Density (Kg/m3) 428,1156736

Calculations
El 8,42268049
Ec 0,694739289
Glc 1,11990764
El/Ec 12,12351255

vibrational stiffness 60
a (top length) 499
b (lower bout width) 360

Target thickness 2,827830661

Panel mass
measured data
L (mm) 497
W (mm) 187
H (mm) 2,4
mass (g) 236
mass template (g) 178

calculations
density 1058,041655 kg/m3

area template mm2 70098,05932
Volume 1/2top 198225,4414
volume top 396450,8828
Panel mass 169,7268367

[Trevor Gore]

Would be great if you can check the calculations.

I checked using the data in your first post.

I get the same El, Ec, G and density as you, but for f=60 I get a target thickness of 2.52mm rather than the 2.83mm you got.

You need to check your coding for equation 4.5-7. Check your results using the numbers in Table 4.5-3.

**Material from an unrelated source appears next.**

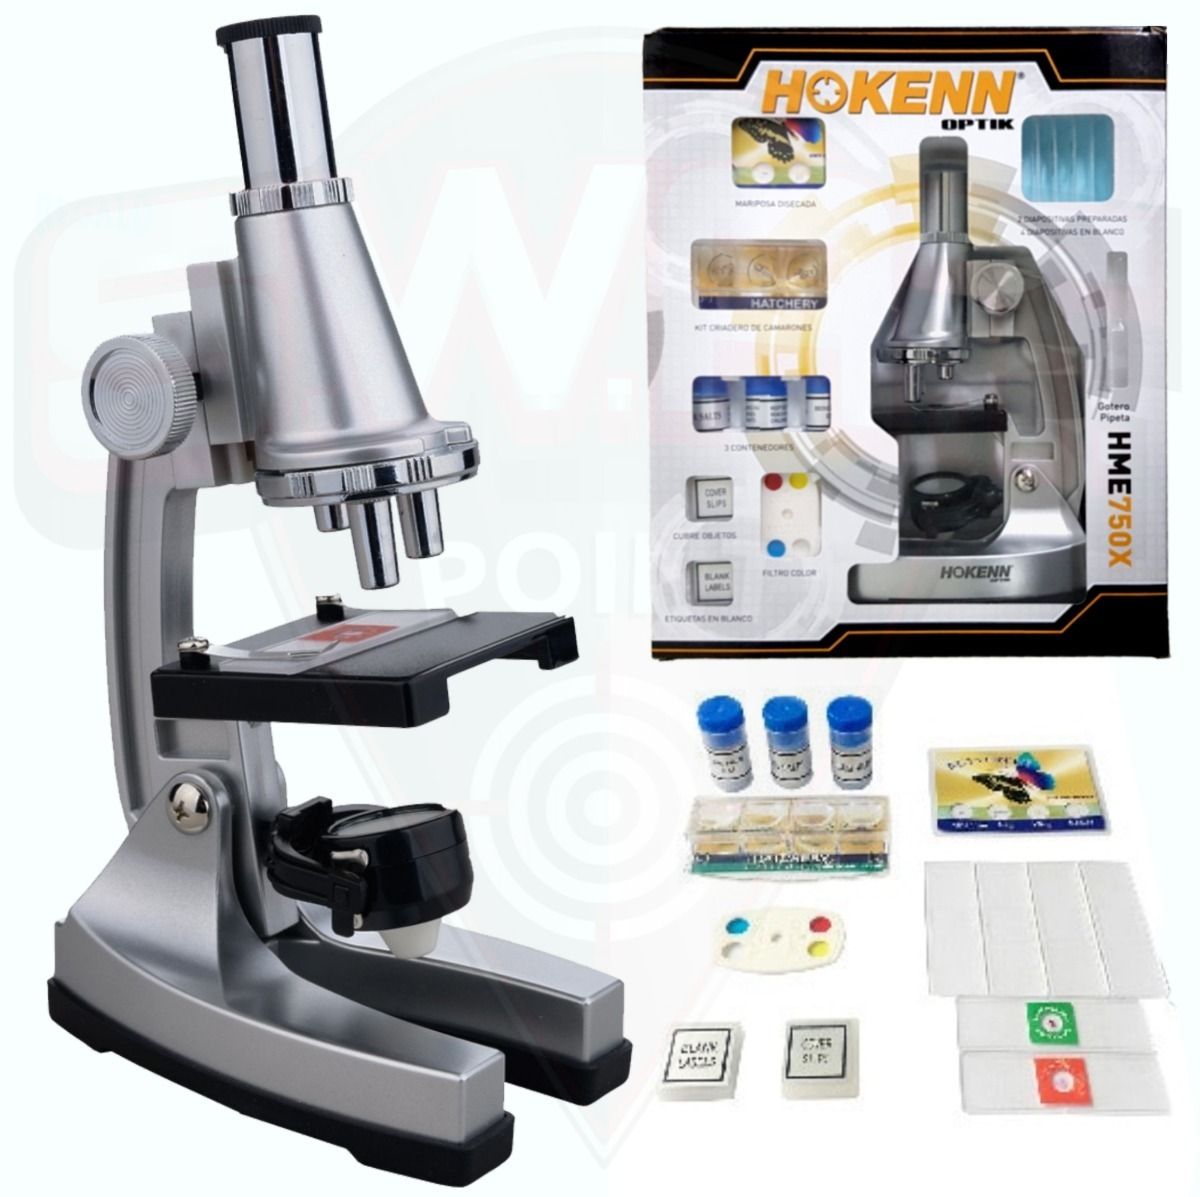 Microscopio Hokenn 750x Zoom Luz Accesorios Visor Niños Swat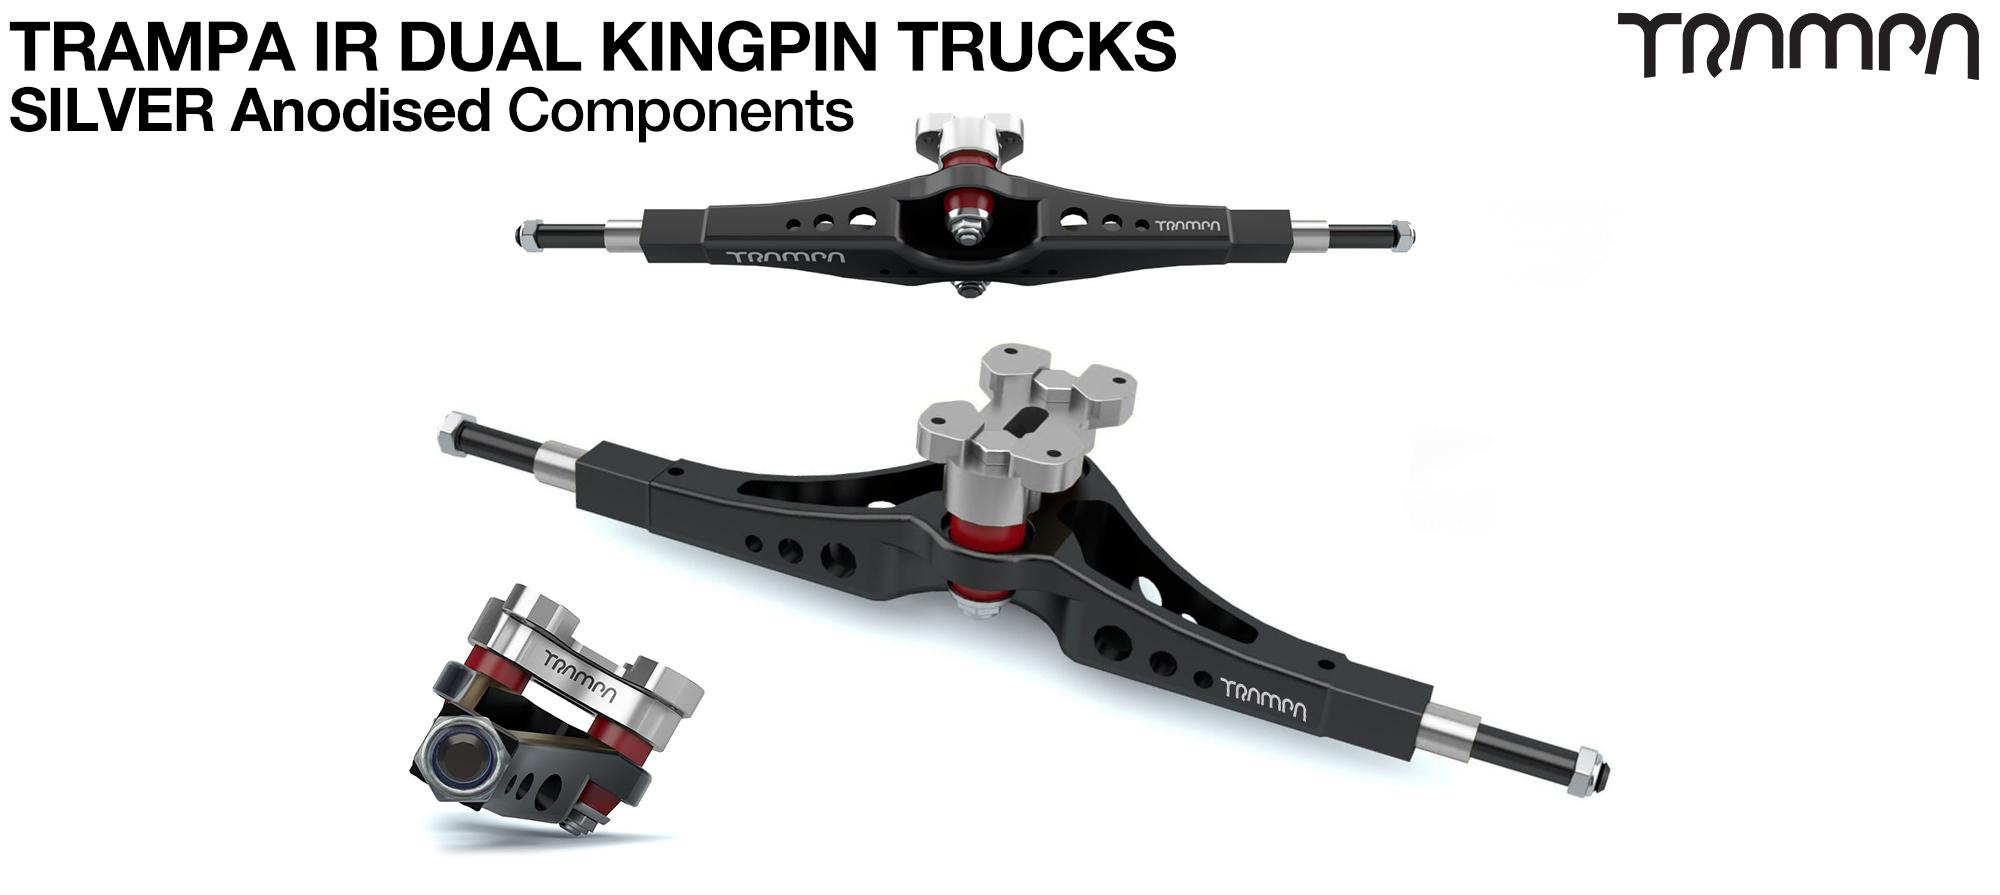 TRAMPA IR Double Kingpinned Skate Style Trucks fit every 19.1mm Motor Mount TRAMPA offers - SILVER

(Your (a/b)^2 and (a/b)^4 numbers look distinctly odd )

[benvaneven]

I corrected my coding and checked the results using the numbers of table 4.5.3
I have the same numbers. I am struggling with the units, i have to divide the target thickness by 1000 to get the result in mm. the same for panel mass. Should invest some time why that is. Nevertheless being able to calculate the correct panel thickness and mass is a big step forward. Thanks a lot for your assistance.
Is there also a way i can check my calculations for the flexural rigidity?

Target thickness
Measured Top data
mass (g) 182
Ll (mm) 525
Lc (mm) 197,5
h (mm) 4,1

F long (Hz) 68
F cross (Hz) 138
F diag (Hz) 58

Density (Kg/m3) 428,1156736

Calculations
El 8,42268049
Ec 0,694739289
Glc 1,11990764
El/Ec 12,12351255

vibrational stiffness 60
a (top length) 499
b (lower bout width) 360

a^2 0,249001
a/b 1,386111111
(a/b)^4 3,691409108
(a/b)^2 1,921304012
Density^0,5 20,69095632

Target thickness 2,520152416

Panel mass
measured data
L (mm) 497
W (mm) 187
H (mm) 2,4
mass (g) 236
mass template (g) 178
calculations
density 1058,041655 kg/m3

area template 0,070098059 m2
Volume 1/2top 0,176657794
volume top 0,353315587
Panel mass 151,2599405

[Trevor Gore]

Keeping count of the zeros is often a source of error. Everything should be in SI units (meters, kilograms, seconds). Stress/pressure is in Pascals, but we work in GPa (10^9 * Pascals). Your answer should come out in meters, which then need multiplying by 1000 to get millimetres. Applied loads (when used) should be in Newtons. The weight exerted by a mass of 1 kg is 9.81 Newtons.

To check your flexural rigidity calcs, see Equ. 4.4-2 and the line of text immediately following it on p 4-38.

[benvaneven]

I found a piece of spruce with a density of 436 kg/m^3 and Elong 14,1 Gpa. The target thickness comes at 2 mm and the estimated panel mass at 126 g. I think the stiffness allows to reduce the mass to acceptable numbers, so it seems to me this is a better piece of spruce then the one i mentioned before. Or should i search for a better piece?

[Trevor Gore]

The new piece has typical density for its Young's modulus, whereas the original piece had rather high density for its Young's modulus, so at least you're now starting on a more level playing field.

The best wood (in terms of making the lowest mass tops) is usually the lowest density wood, because adding thickness (to increase flexural rigidity, E*I) adds stiffness faster than it adds mass, due to the cubed thickness term in the second moment of area, I.

The search for "best wood" is perennial. The trick is to make the best of the wood you have, which is what these techniques are all about. You should be OK with this piece if you've had enough of searching.